Since Google BigQuery is pay-as-you-go and relatively inexpensive, I had been using it without much concern about the fees.
Big data analysis was a breakthrough in that matters that until now could only be guessed at could actually be expressed numerically.
As its usefulness became well known, BigQuery was used in an increasing number of situations. The amount of data has also increased, as people have tried to capture all the data they can.
Then, the BigQuery usage fee gradually rose and became a rather existential amount, and I began to worry about the flat fee, which I had thought was unrelated to the BigQuery fee, so I decided to estimate the BigQuery flat fee.
Fees (Summary)
BigQuery charges primarily for analysis and storage.
Storage fees are proportional to the amount of database space retained. Analysis fees are charged for query execution and can be either pay-as-you-go or flat-rate.
Analysis fees are charged on a pay-as-you-go basis and are proportional to the amount of data read from the database when the query is executed; as of August 2022, the fee is $5 per TB.
Estimation method (pay-as-you-go)
The log of the executed queries can be viewed in the INFORMATION_SCHEMA
job view.
The amount of data read by a query is recorded in total_bytes_billed
, and can be multiplied by the unit cost to determine how much each query is costing in analysis fees.
See below for details.
Analysis fee (fixed amount of money)
A flat fee for analysis is paid for the number of slots secured in a month.
Minimum 100 slots, available in increments of 100 slots for $2,000/month per 100 slots. (Not $200. It's $2,000.)
What is a slot?
BigQuery processes large amounts of data in a short amount of time by executing analytical processes in parallel.
The number of concurrent processes is called the number of slots. With a fixed fee, you purchase that number of slots.

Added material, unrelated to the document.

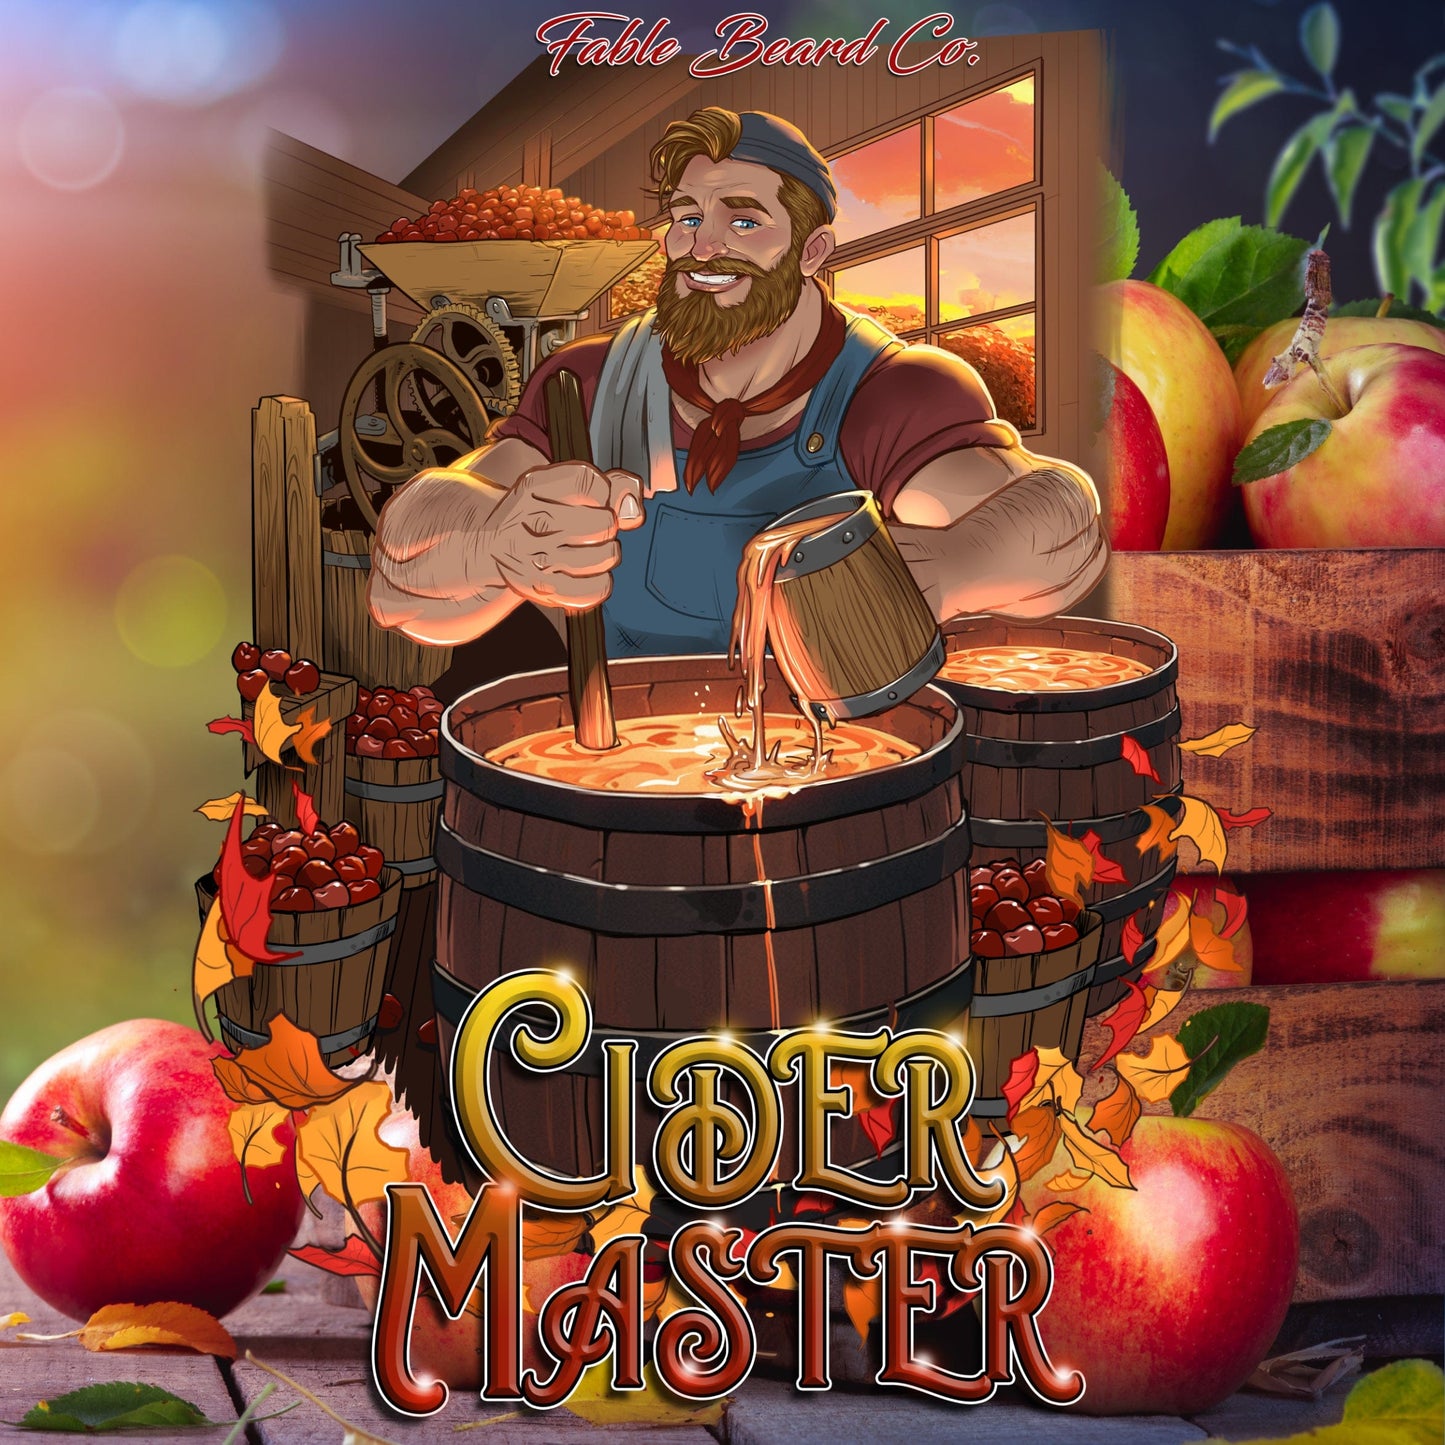 Cider Master - Apple Cider Memories Complete Balm Kit
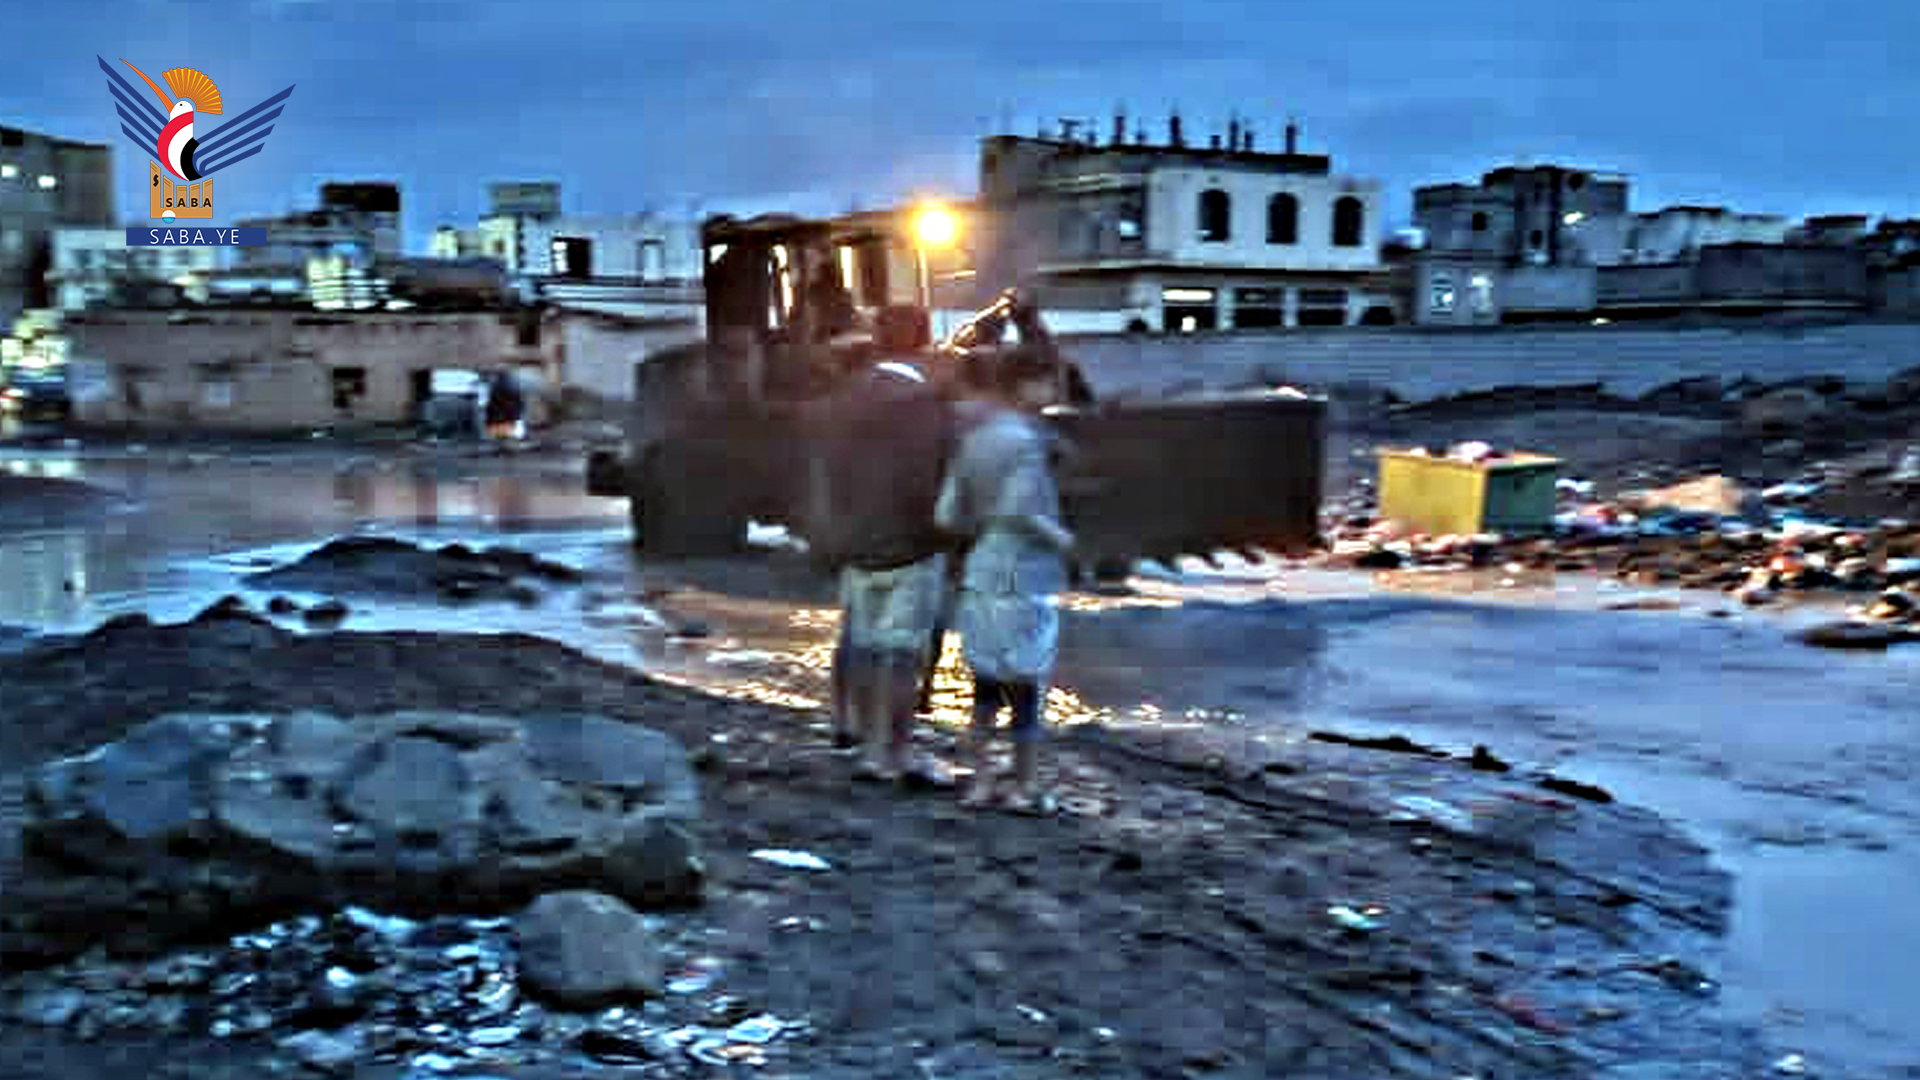   Réalisation de travaux d'urgence pour ouvrir des routes et drainer des eaux torrentielles à Heziaz, Sana'a

The slots are like CPUs, similar to the image of pre-purchasing CPUs to be used for analysis.
Estimation method (flat-rate billing)
So how many slots should I buy?
In the case of pay-as-you-go billing, the number of slots is not fixed; BigQuery calculates the optimal number of slots for each query and automatically allocates them to execute the query.
In estimating the number of slots for the flat-rate billing, we will examine how many slots were actually used in the metered query execution.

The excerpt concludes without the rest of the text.